◆ EXERCISE DATA:
══════
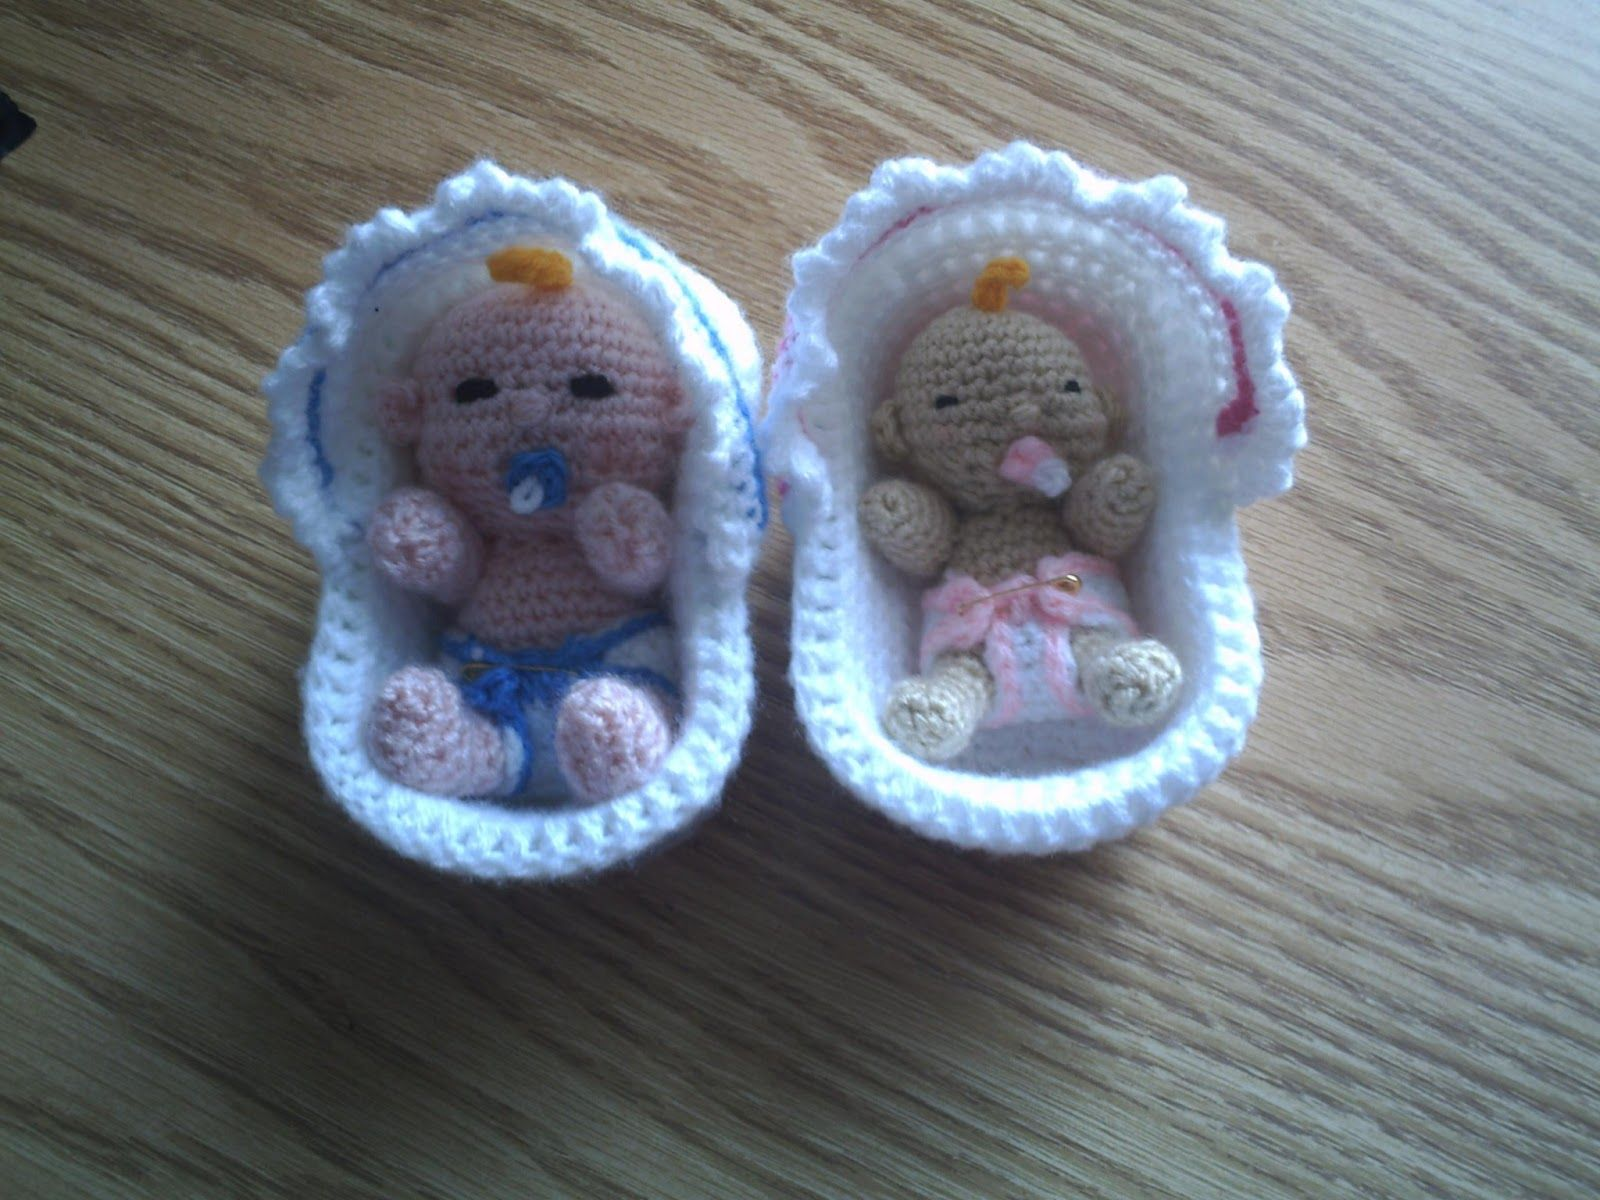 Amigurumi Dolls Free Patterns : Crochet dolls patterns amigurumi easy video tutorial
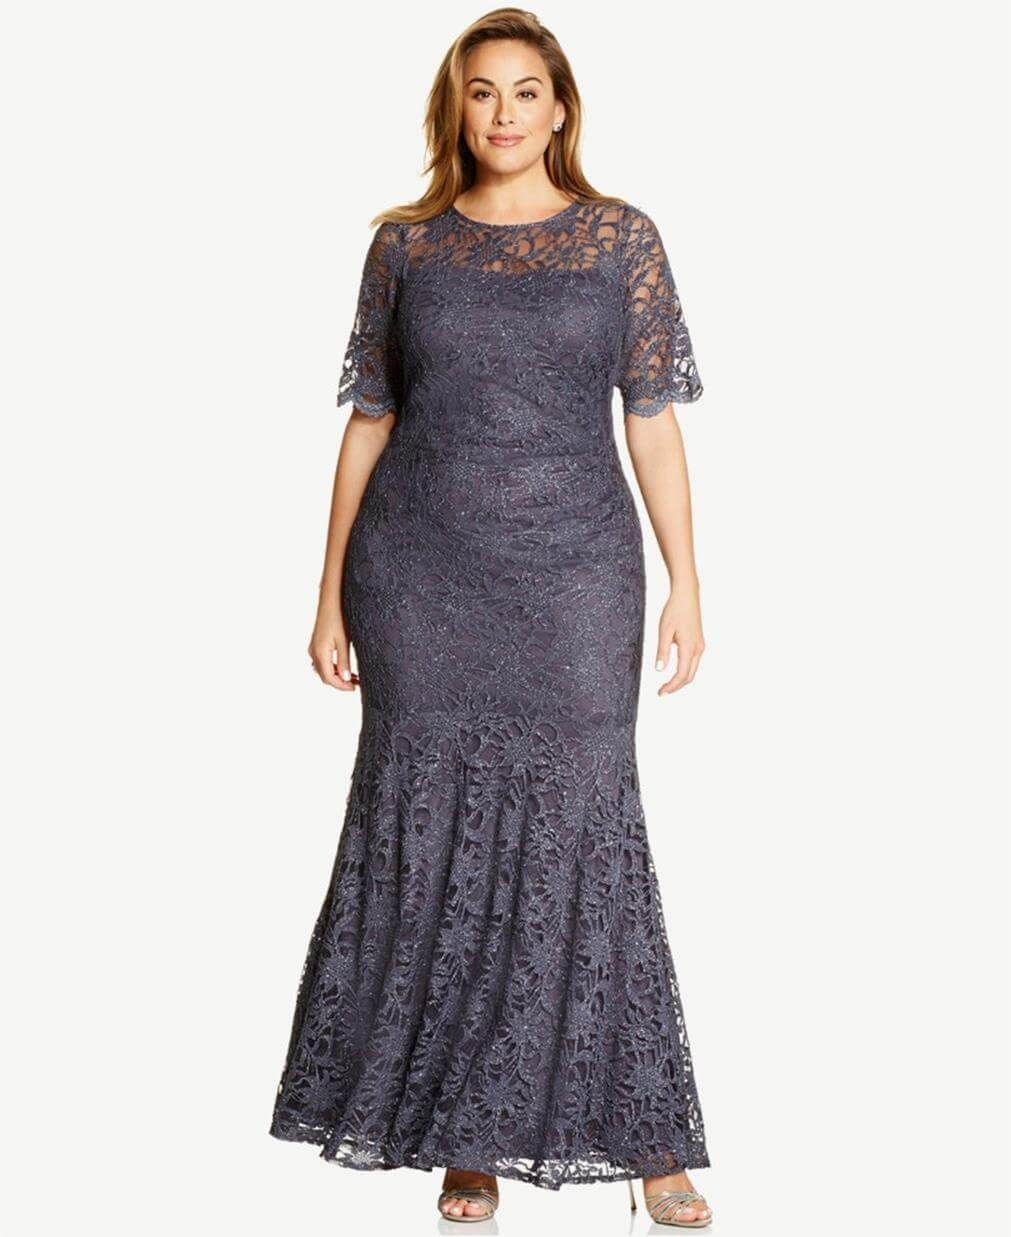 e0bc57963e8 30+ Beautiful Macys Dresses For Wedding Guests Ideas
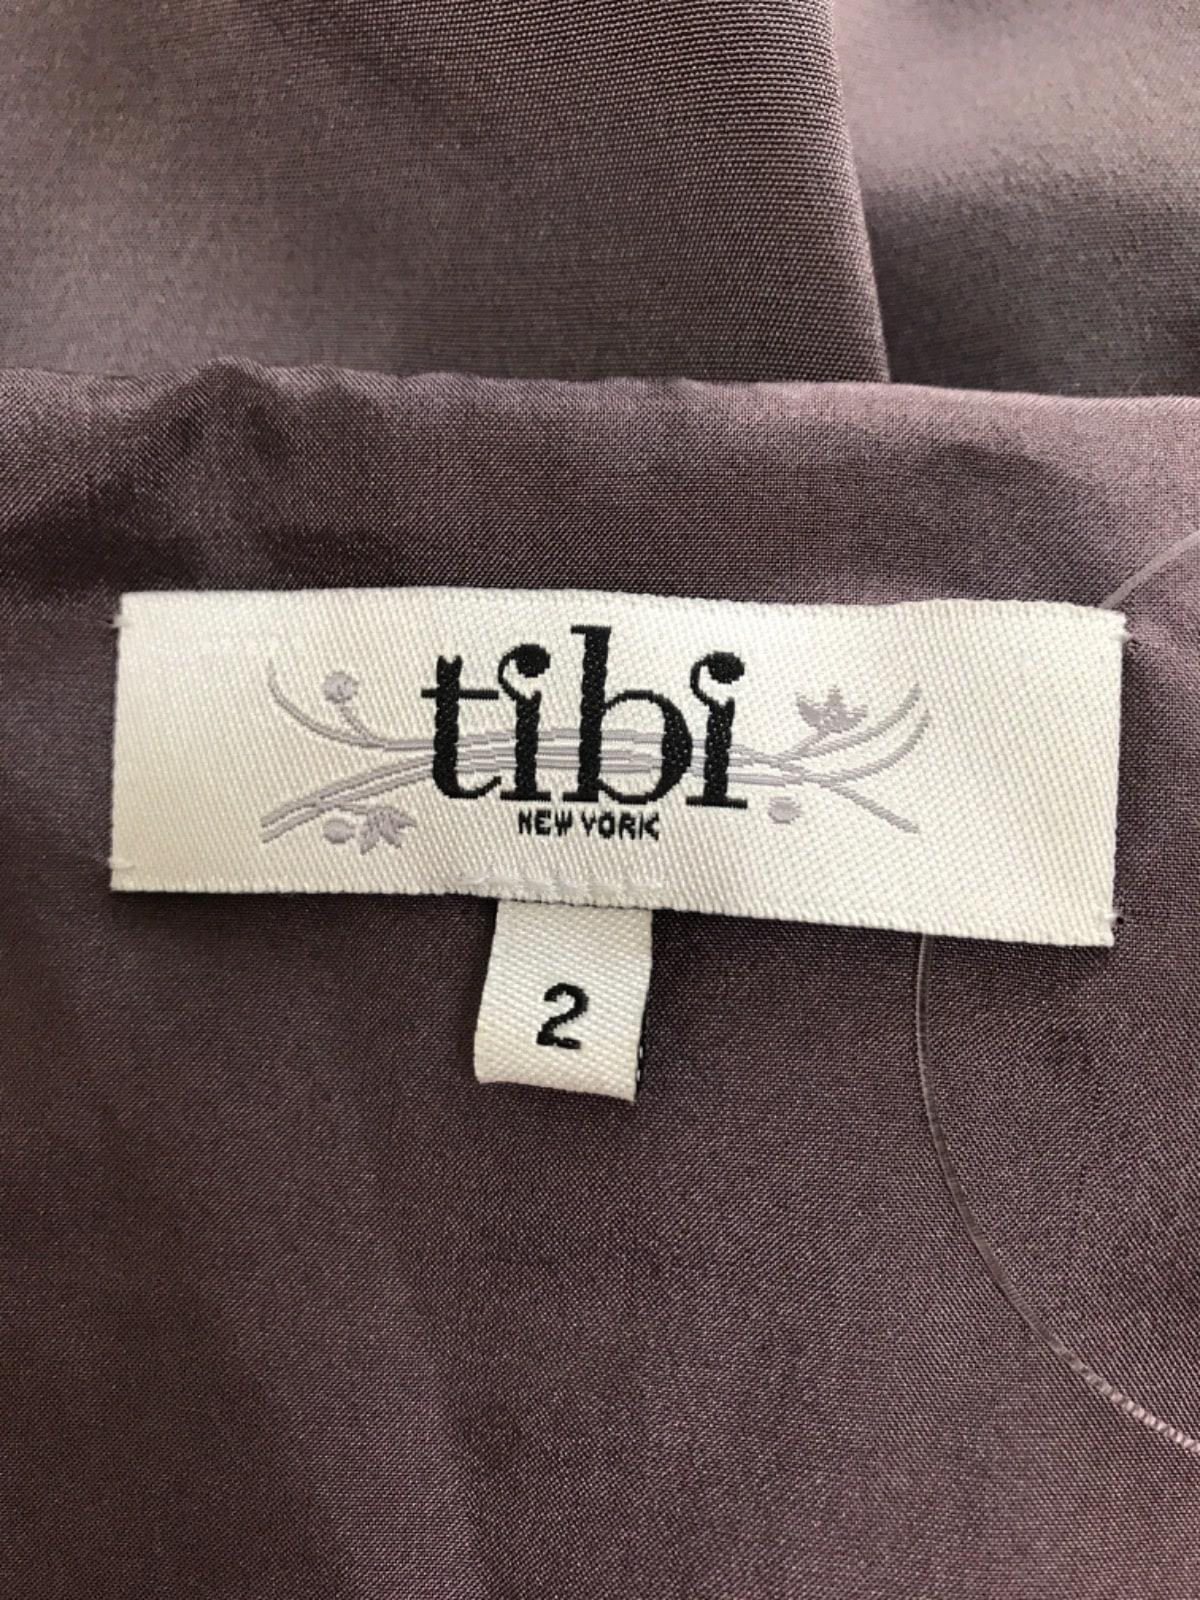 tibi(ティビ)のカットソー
══════
◆ REQUIREMENT: Print the material word for word without images.

◆ ANSWER TO THE PROBLEM:
 Amigurumi Dolls Free Patterns : Crochet dolls patterns amigurumi easy video tutorial
 e0bc57963e8 30+ Beautiful Macys Dresses For Wedding Guests Ideas
 tibi(ティビ)のカットソー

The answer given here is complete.